XV. 6. Chili pepper / capsaicin

XV. 6. Chili pepper / capsaicin
XV.6.

Chili pepper / capsaicin

TRPV1, GLP-1, and the capsaicin paradox — why hot spice may be protective.

Latin: Capsicum annuum / Capsicum frutescens / Capsicum chinenseFODMAP: 🟢 lowEvidence: ★ ★ ★Microbiota: TRPV1 agonist + thermogenic + GLP-1 modulator

In 1 minute

What does it provide? Capsaicin and dihydrocapsaicin (the pungent compounds), as well as carotenoids (vitamin C, β-carotene) — thermogenic, pain-desensitizing, appetite-modulating, and cardiovascularly protective.

How much? In the kitchen, variable by tolerance — in an average Central European context, 1–5 g of fresh chili pepper or ¼–1 tsp of ground per day. As a dietary supplement, 30–135 mg capsaicinoid/day.

When to avoid? Active gastric/duodenal ulcer flare, severe GERD, active hemorrhoid flare, IBS acute relapse, infants and small children in concentrated form.

📜 Történeti áttekintés

Chili pepper is of Central and South American origin — archaeological finds show that the inhabitants of Mexico's Tehuacán Valley already cultivated it around 5000–6000 BCE, and it was a main spice of pre-Columbian Aztec, Maya, and Inca cultures. "Aji" (from the Nahuatl word "chilli") also took on a spiritual-ritual role: disobedient children were punished with chili smoke, and it was used in sacrificial ceremonies. Columbus brought it to Europe in 1493 as "Indian pepper" (since he believed he had reached India), and Portuguese sailors spread it throughout the world within a few decades — paradoxically, it reached India, Southeast Asia, and Africa only in the early 16th century.

It arrived in Hungary during Ottoman rule in the 16th century — Hungarian paprika ("paprika") is the result of capsaicin-free or capsaicin-poor varietal selection bred around Szeged and Kalocsa in the 18th–19th centuries.

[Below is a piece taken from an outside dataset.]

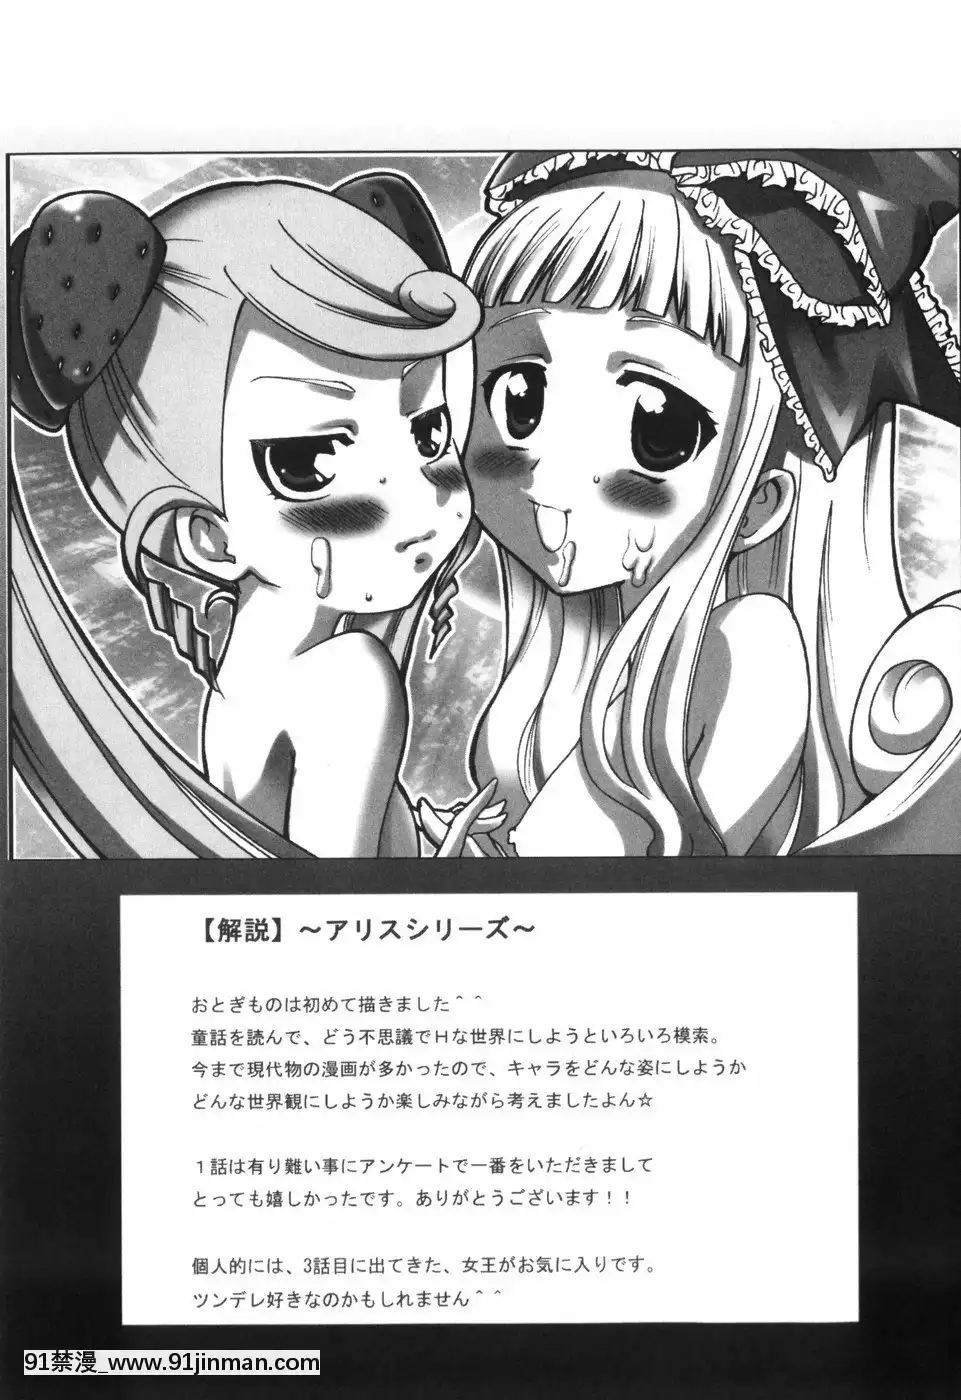 [香月りお]アリスのひめごと   Alice's Himegoto【code truyện tranh online】

Albert Szent-Györgyi in 1932 isolated ascorbic acid (vitamin C) precisely from Szeged paprika — for which he received the Nobel Prize in 1937. Capsaicin was first measured by Wilbur Scoville in 1912 (Scoville scale), and the cloning of TRPV1 (capsaicin receptor) is associated with David Julius, who received the 2021 Nobel Prize in Physiology or Medicine for it. The modern "capsaicin paradox" — that high pungent-food consumption in populations is associated with reduced cardiovascular and all-cause mortality — received the best evidence in the 2019 Italian Moli-sani RCT-like cohort study. **(BMJ 2015, JACC 2019)

🔬 Scientific Background

Capsaicin is a selective agonist of the TRPV1 receptor (transient receptor potential vanilloid 1) — the same receptor that mediates heat and pain perception, and that explains why we perceive pungent foods as "hot." Receptor activation initially causes increased substance-P release (inflammation, pain), and then with longer exposure, desensitization — which is why topical capsaicin creams (Qutenza 8%) are used to treat post-herpetic neuralgia and diabetic neuropathy.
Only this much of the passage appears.